Heuristic (again a Greek word, meaning “find or discover”) is “any approach to problem-solving, a learning or discovering that employs a practical method not guaranteed to be optimal or perfect, but sufficient for the immediate goals. Heuristic methods can be used to speed up the process of finding a satisfactory solution.”
Thus, heuristically, Wilwayco did in fact find a method of painting with the help of a “substrate”—a word used by the American critic Josephine Fatima Martins, who has written much about the works Wilwayco has produced while based in Providence, Rhode Island.
The same use of the substrate was made prominent in the “Fractals” series, which propelled the artist to unexpected heights of production. The substrate takes the form of a pre-designed canvas or commercial fabric, submerged in the background but insidiously makes its presence visually, serving as a fulcrum or catalyst.

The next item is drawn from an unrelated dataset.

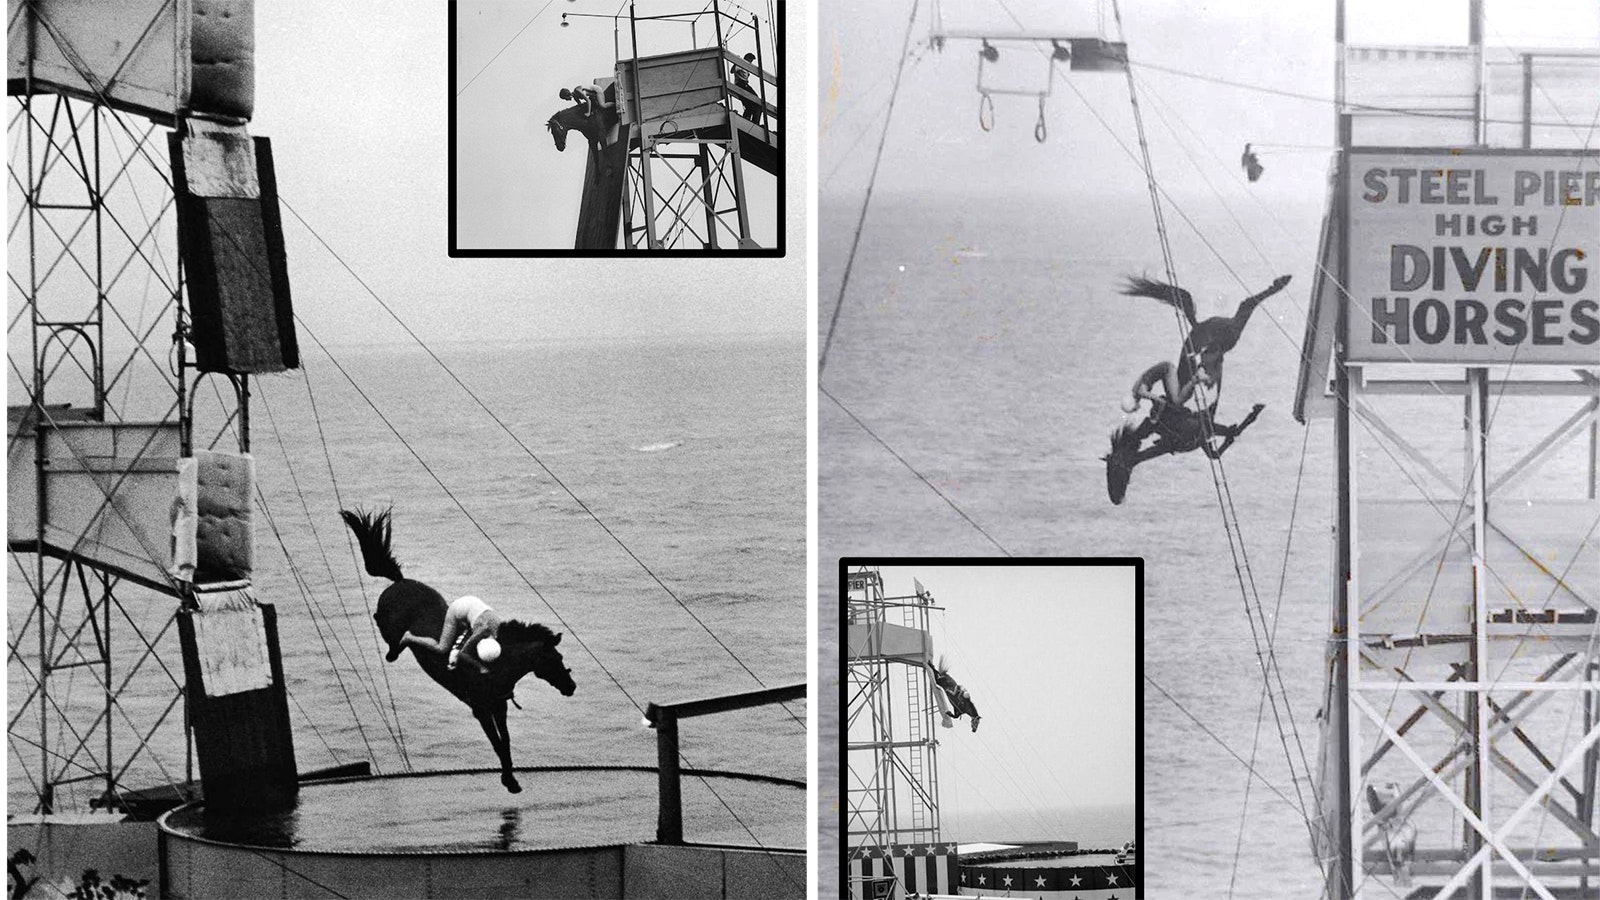 Platforms were as high as 60 feet, twice the height of the highest Olympic diving board.

In the “Octo Gravitas” works, the figure eight is emblazoned via his trademark bristling brushstrokes against the substrate of an ornamental rococo design, a staple familiar to us as wallpaper, endowing the works with an “all-overness” of countenance.
In the “Luminans” works, however, Wilwayco banishes the use of a substrate, and in a surprising volte-face, reverts to his pure thick pigments abstaining from his usual colorful palette to subsist in black, white, and gray marked only with just a nuanced shade of reds or greens.

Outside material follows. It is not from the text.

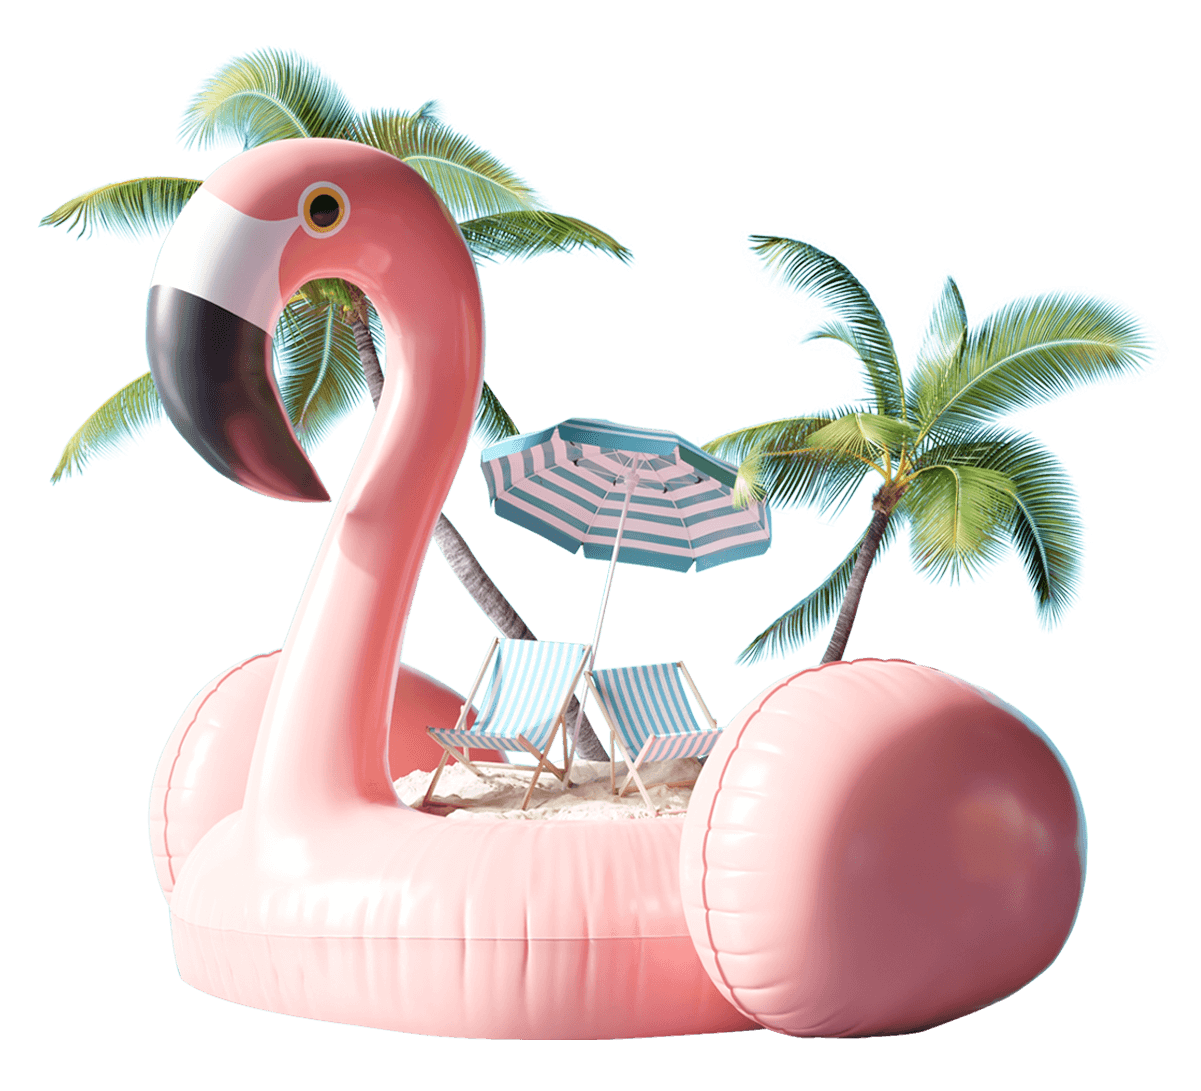 Image of an inflatable pink flamingo with a beach setting inside

Though the loss of Wilwayco’s coats of many colors may surprise many of his collectors, Wilwayco makes up for their absence by proving that, even by a self-imposed economy of means, he could make the noncolors resonate with a deeper spirituality through his vigorous and muscular manipulation of his pigments; drawing from their stark contrast a visual force from their raggedly, heavy-handed, almost brutish layering of pigments.

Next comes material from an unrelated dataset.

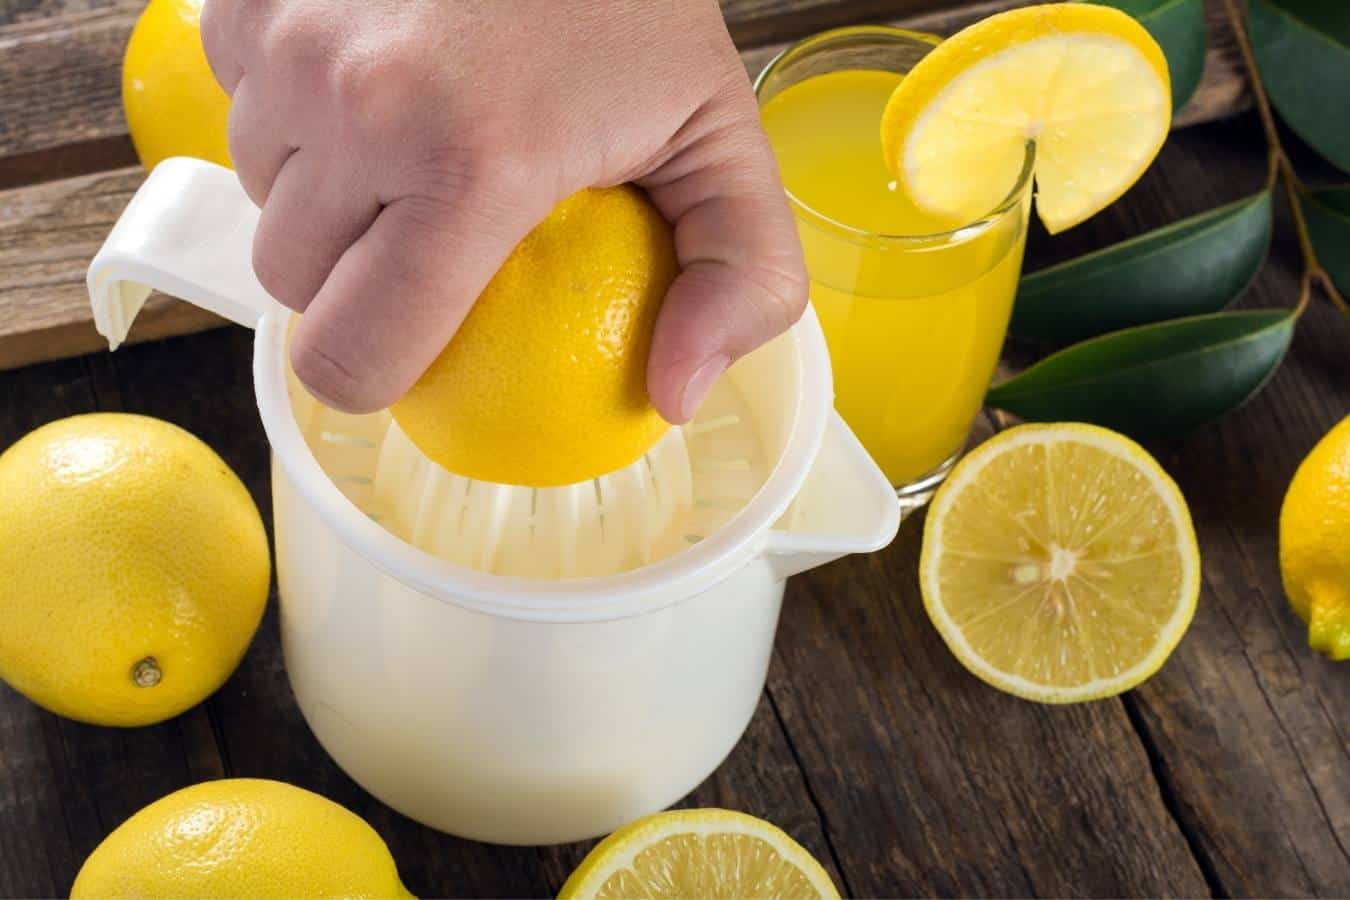 How To Remove Hair Dye With Lemon Juice

The “Luminans” works feel like an amalgamation of Wilwayco’s previous themes inspired by Nature: “Whispering Winds” “Moving Mountains” and, to a lesser extent, the “Rivercircles.” They are compactly and tautly composed, applied not with the usual flourish but with an accustomed fluency and a keen eye for the subtleties of the retinal behavior of black and white oil pigments when they have been commandeered at the service of their emitted light.
But what must an artist do for an encore?
The challenge to the artist is to ensure that he will not exhaust the easy facility of his painterly gifts, without him recognizing it refusing to be lured to the novelty of what is trendy and fashionable nor succumb to the dictates of newfangled collectors.
Meantime, Wilwayco is determined to remain guided by his own North Star, his personal Polaris, with its navigational value when many are lost on a clear night without a compass. He will continue to change only to stay the same.
Wilwayco’s “Luminans” and “Octo Gravitas” will run Jan. 24-31 at The Gallery of 8 Rockwell, Makati.